Unter der Annahme, das du jeweils zwei Vektoren hast, welche jeweils die 'Cam' und den kreis an jeweils einer, aber nicht der selben stelle berühren.
Zu erst gugst du, welche kreise alle in der vom view aufgespannten 'ebene' drinn sind.
Dan rechnest du dir die beiden 'Striche' von der 'cam' zum kreis aus, und gugst, ob er von anderen kreisen geschnitten wird. Damit weißt du, ob der kreis gesehen wird, oder nicht.
So wie ich die verstanden habe, möchtest du das ganze jetzt noch '1 dimensional' rändern. Das kannst du ganz einfach machen. Du Sortierst die kreise von der distance zum 'cam' punkt.
Dann zeichnest du einfach einen nach dem nächsten.
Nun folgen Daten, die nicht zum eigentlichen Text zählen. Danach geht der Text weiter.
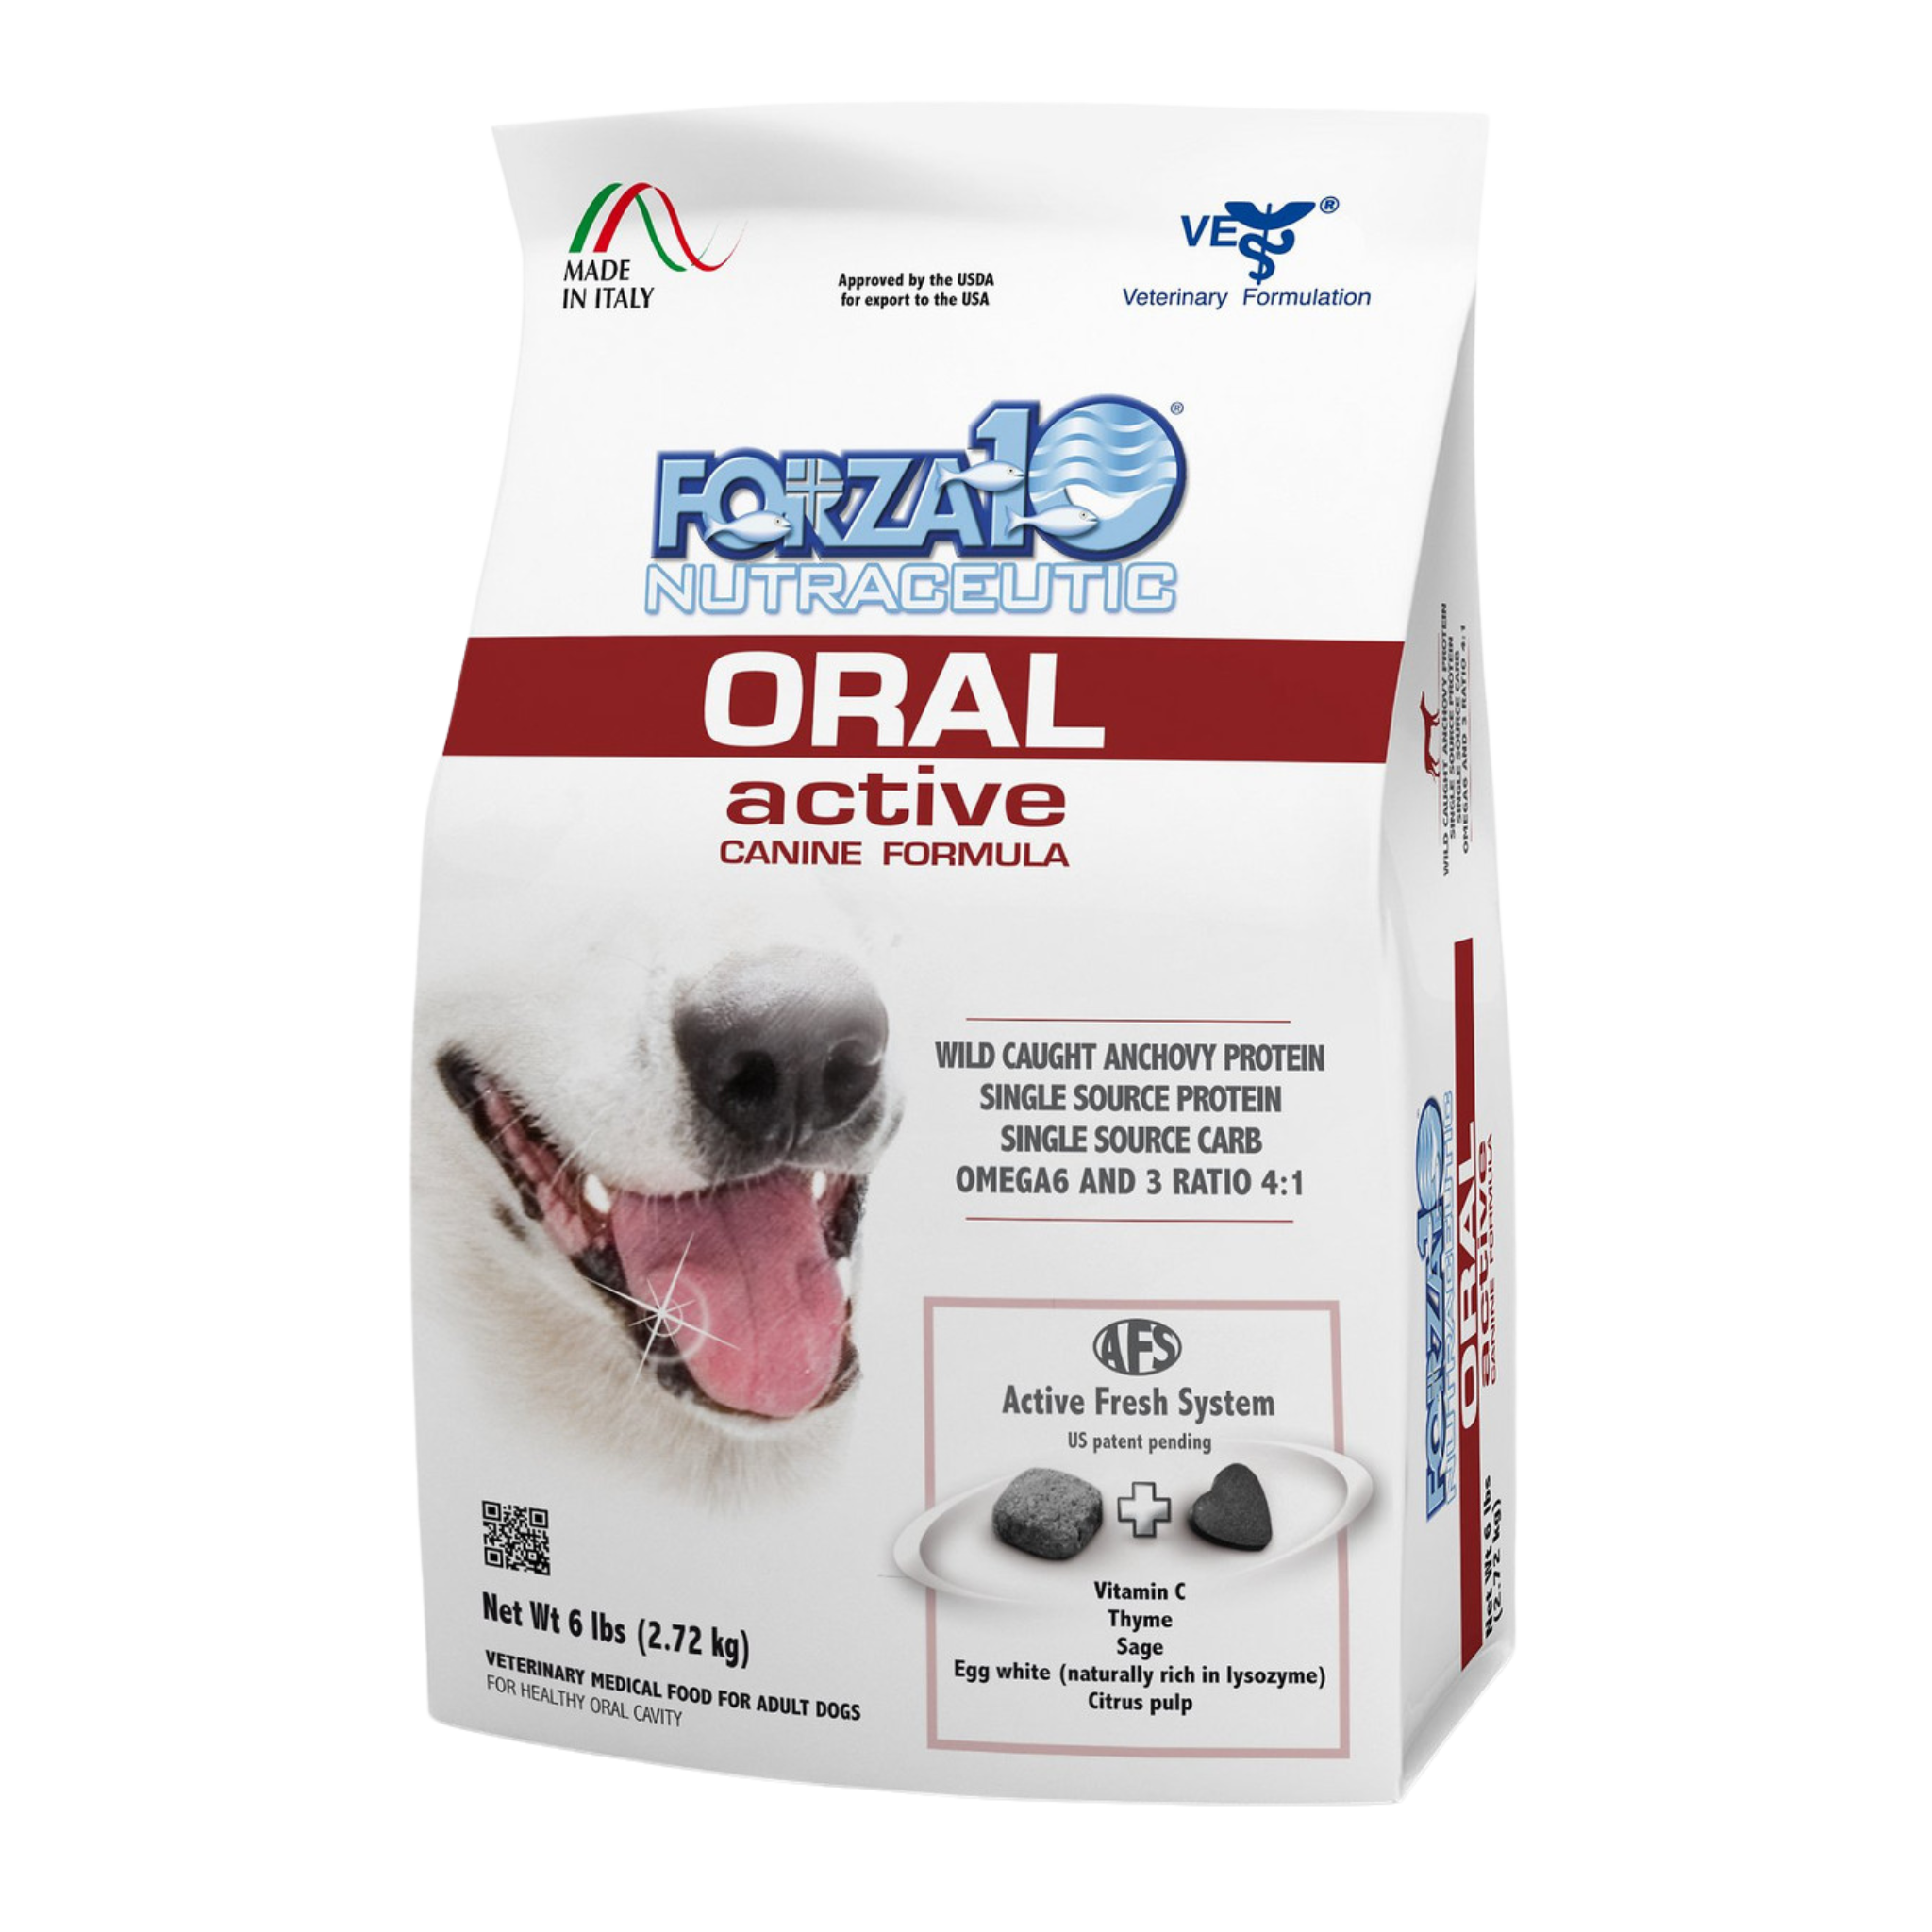 Forza10 Nutraceutic Active Line Oral Support Diet Dry Dog Food - Mutts & Co.

Vola.






Regex


----------



## Regex (4. Nov 2012)

hm, tut mir leid das die Rechtschreibung soooo schlecht ist.
Nicht als Entschuldigung, sondern als Erklärung, ich bin Legastheniker. (Wird oft verstanden ala: Ist mir egal, bin L., so ist das aber nicht gemeint.)
Aber leider hatte ich das Browser-Rechtschreibprüfungs-Plugin ausgeschalten.

Regex

(Sry für Doppelpost, aber das wollte ich noch sagen )


----------



## JVTH (18. Dez 2012)

Danke, habs wie Marco13 umgesetzt


----------



## Marco13 (18. Dez 2012)

Hm. Ich hab' gar nichts umgesetzt. Nur einen anderen Thread verlinkt :bahnhof:


----------



## JVTH (18. Dez 2012)

Aso, meine deinen ersten thread. Ein schönes Beispiel für diese Prinzip, nur mit Licht ist das: Left 4k Dead

Edit: Sorry, war ja auch in dem einem Post dein!


----------